Bias is a difficult thing to pin down. The best example I can give to liberals so that they might be able to relate is Fox News. They have liberal guests and conservative ones. They report positive and negative stories of President Bush. However, any liberal (and most honest non-right-wingers) can see that Fox News's "Fair and Balanced" slogan is a joke. They pit sharp-tongued conservatives against conciliatory (if articulate) liberals. They stack the pundit deck. They do all of these little things that present the right more positively than the left.

What's the liberal/conservative ratio in the NYT punditry? The Washington Post's? ABC? As with Fox News, they'll all report anything big, but the context makes all the difference in the world. Even in basic news reporting, two articles concerning the same subject matter with the same set of facts can sound wildly different.

Conservative news: Experts say that there are thousands of gallons of crude in barren government land in Nevada, but critics want the government to keep out.

Liberal news: House Republicans want to open up drilling in a nature wildlife preserve in Nevada, but environmentalists say the results could be disastrous.
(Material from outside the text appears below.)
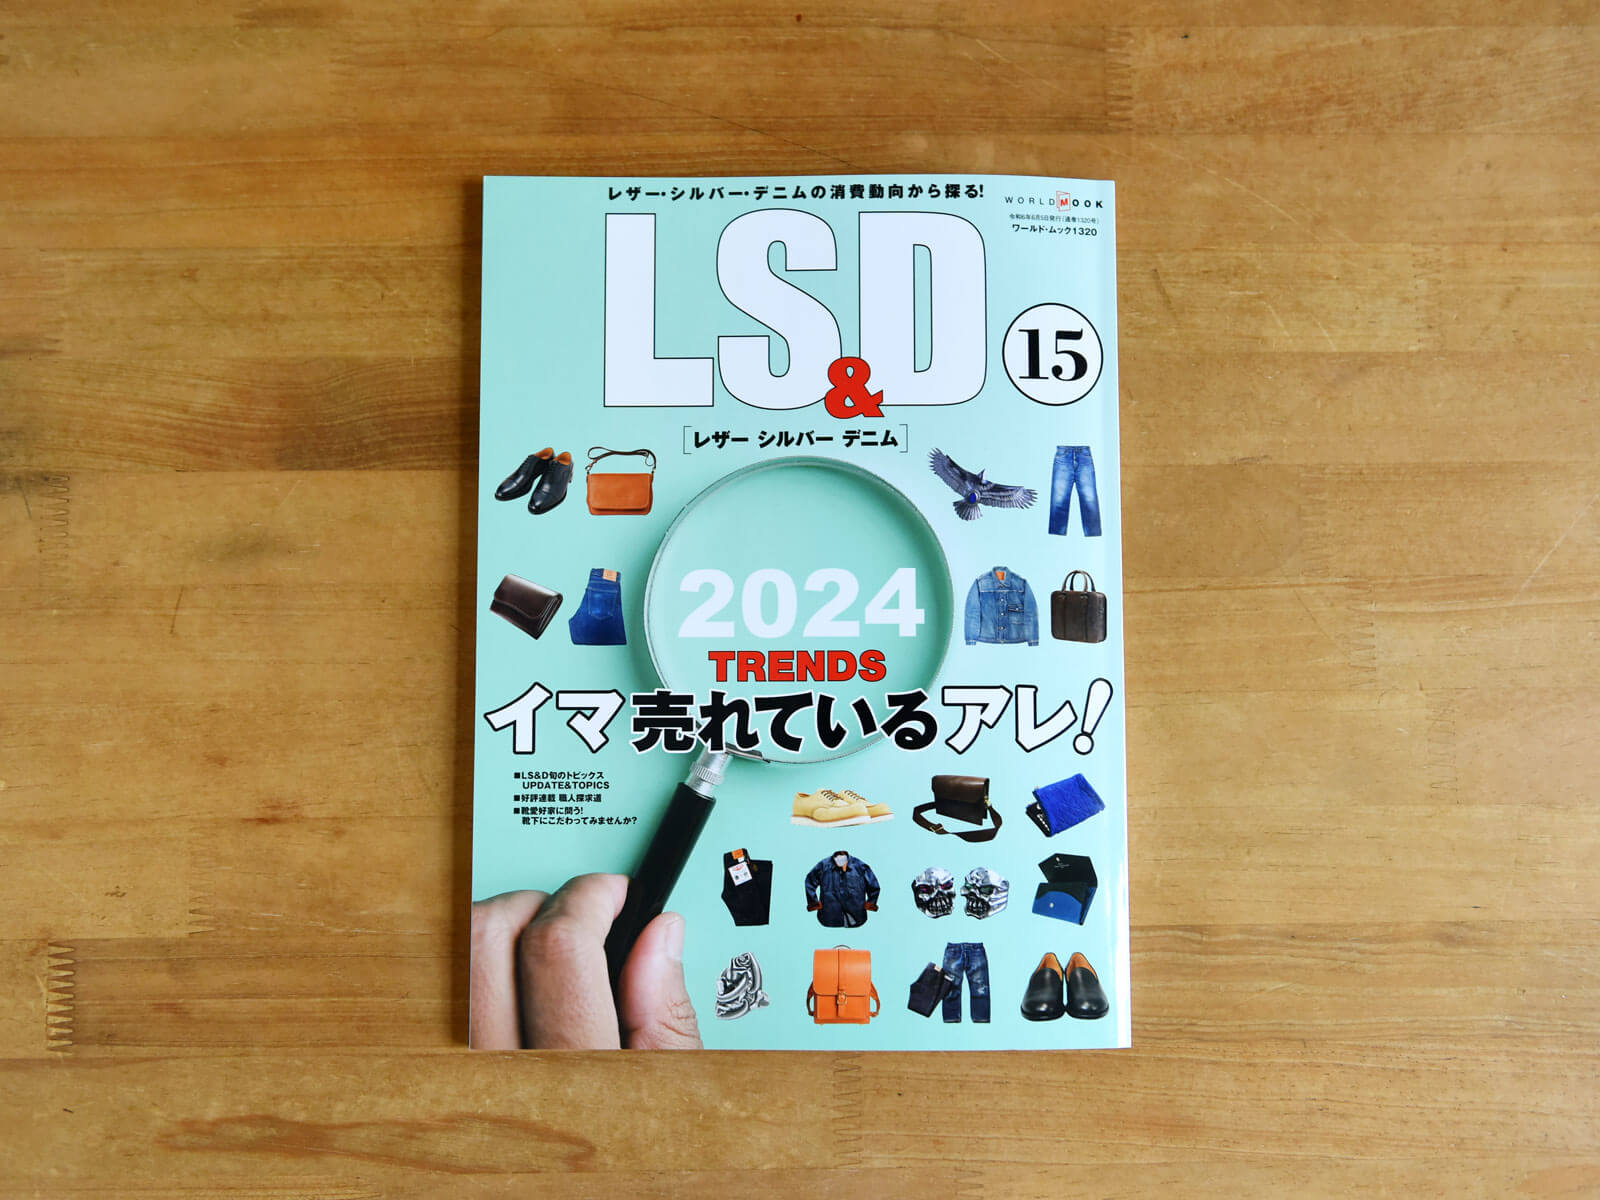 雑誌掲載のお知らせ「LS&D 15 レザー シルバー デニム」

Both of these leads say have the same basic facts, though they paint very different pictures. The first lead points out the proposed benefit of drilling while the second emphasizes the possible problems with the drilling. The first pits "Experts" against "critics" and the second "House Republicans" against "Environmentalists." Until recently, I rarely heard the terms archliberal or left-wing associated with anyone. Moderate Democrats were called "Conservative Democrats" while moderate Republicans were called "Moderate Republicans." The first time I even heard the term "Liberal Republican" was when Jim Jeffords jumped ship. This has improved recently in part because of books like Bias, which is one reason why I'm pretty sure it's not an orchestrated liberal media campaign. Rather, they didn't realize they were doing it, but now that they do they've stopped.

This post has meandered more than I would like, but a quick review:

1) The views are based on my personal experience and my reactions to how the media covers subjects where my beliefs are liberal compared to those where my beliefs are conservative. My reactions may be tainted by something, but I don't know what that might be since it's a comparison of the media's handling of both liberal and conservative causes I support.
2) The media is more sympathetic to liberal causes than conservative ones.
3) The media is naturally more sympathetic to those that pursue liberal causes, but does not engage in "ass-covering" for Democratic politicians or outright prosecution of Republican ones. A scandal is a scandal, and they love scandal.
4) The biases of the media are probably unintentional and, when placed under scrutiny, often correct themselves.
5) Not in the New York Times, though, all hope is currently lost there.
6) Fox News (and the New York Post, for that matter) are a good example of the inverse bias. Both will cover any scandal, but are generally more sympathetic to conservative viewpoints and skeptical of Democratic politicians.